Письмо от 4 февраля 1963 года:
"...Меня очень порадовала заметка-статейка Дорофеева ** о тебе. Прочел ее несколько раз. Лучше не напишешь. Все вспоминаю, как ты часто повторял: "Хоть бы 5 строчек за 30 лет". Ну вот, наконец, и пришли эти строчки. Мне кажется, что они много помогут и в издательских делах, хотя, конечно, особого оптимизма проявлять не следует. Но есть в них и нечто большее, чем практическое их приложение, они хороши и важны сами по себе, важны в первую очередь для тебя, а не только для тех, кто прочтет их. И потому-то я радовался, читая и перечитывая их. Между прочим, я подумал, что в газете можно опубликовать отрывок из поэмы, если всю целиком они не решат дать...

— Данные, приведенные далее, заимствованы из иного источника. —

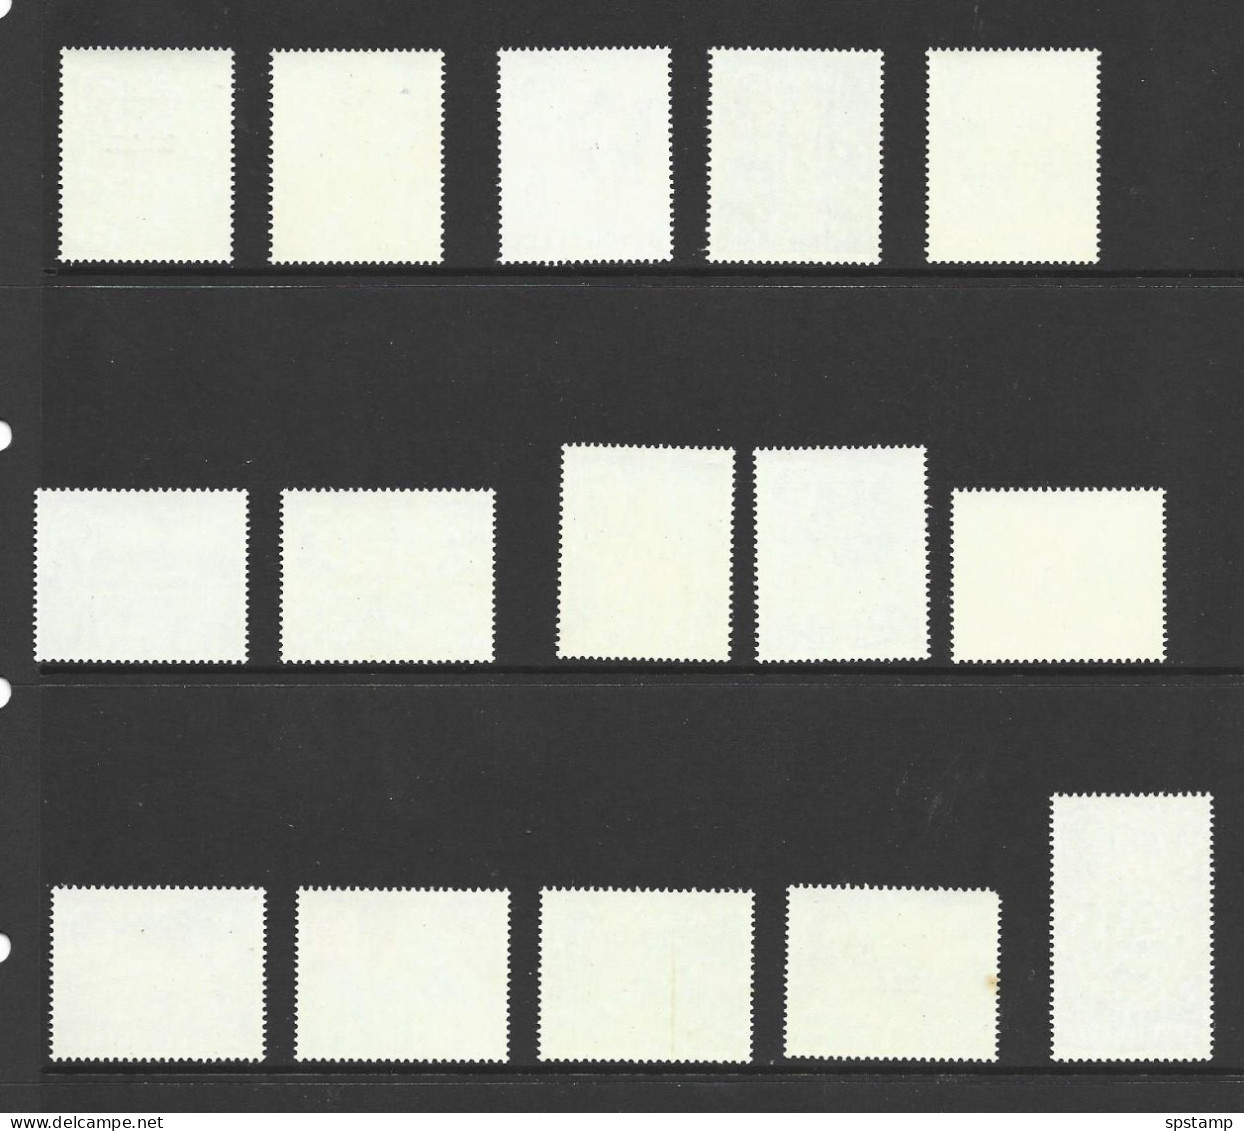 BIOT 1968 Overprints On Seychelles Definitives Set Of 15 MNH , 5R Faulty ,one Other With Gum Mark - Territoire Britannique De L'Océan Indien

Гехту *** лучше, температура упала, врачи настроены оптимистически. Гехт стал проявлять интерес к внешнему миру, просил газеты. Но опасность еще не прошла полностью.
* Дочь Гроссмана.
** Я впервые в жизни читал на совместном заседании секций поэтов и переводчиков собственные стихи. Об этом "Литературная газета" опубликовала сочувственную заметку.
*** С. Г. Гехт - наш приятель, о котором я писал выше. Ему сделали операцию аденомы, но сказались восемь лет лагерей, он сильно ослабел, вскоре после операции умер в больнице.
У меня ничего нового нет, молчавшие продолжают молчать..."
Письмо от 13 февраля 1963 года:
"...Меня радует, что есть продвижение "Нестора" * в "Литер[атурной] России". Но, конечно, еще много, много препятствий впереди. Как со сборником - ты не написал мне, как Слуцкий ** отнесся к нему и какой ему предсказывает гороскоп? Почему ты не пишешь, кто в Малеевке, мне всегда интересно читать твои перечисления с комментариями.
О своих делах не пишу, так как ничего значительного ни со знаком плюс, ни со знаком минус не произошло. Даже Анна Самойловна как-то неопределенно разок позвонила и сказала, что пока рассказа не возьмет, повременит. Меня это немного удивило, ведь прочесть его она во всяком случае могла, независимо от редакционной ситуации.
Березко *** не подает признаков жизни.
"Сам себя" чувствую не очень хорошо, вновь подскочило давление. Был у меня вчера Райский - дон Померанцо все пишет и пишет".
Письмо от 21 февраля 1963 года:
"...Катя **** приехала вчера из Ленинграда. Там дело совсем плохо, у мужа ее сестры оказался рак, от операции врачи отказались, считают, что ничего не даст, его выписали из больницы. Представь, он сам хирург-онколог, но не понимает, что болен раком. Новости все такие печальные. Когда люди стареют, им кажется, что весь мир полон гипертонии, склероза, злокачественных опухолей, стенокардии. А было нам по двадцать лет, и казалось, что ничего, кроме триппера, нет на белом свете.
* Речь идет о моей поэме "Нестор и Сария". "Литературная Россия" собиралась было ее напечатать, но после выступления Хрущева на выставке в Манеже ее отклонила. Поэма впервые напечатана в журнале "Время и мы".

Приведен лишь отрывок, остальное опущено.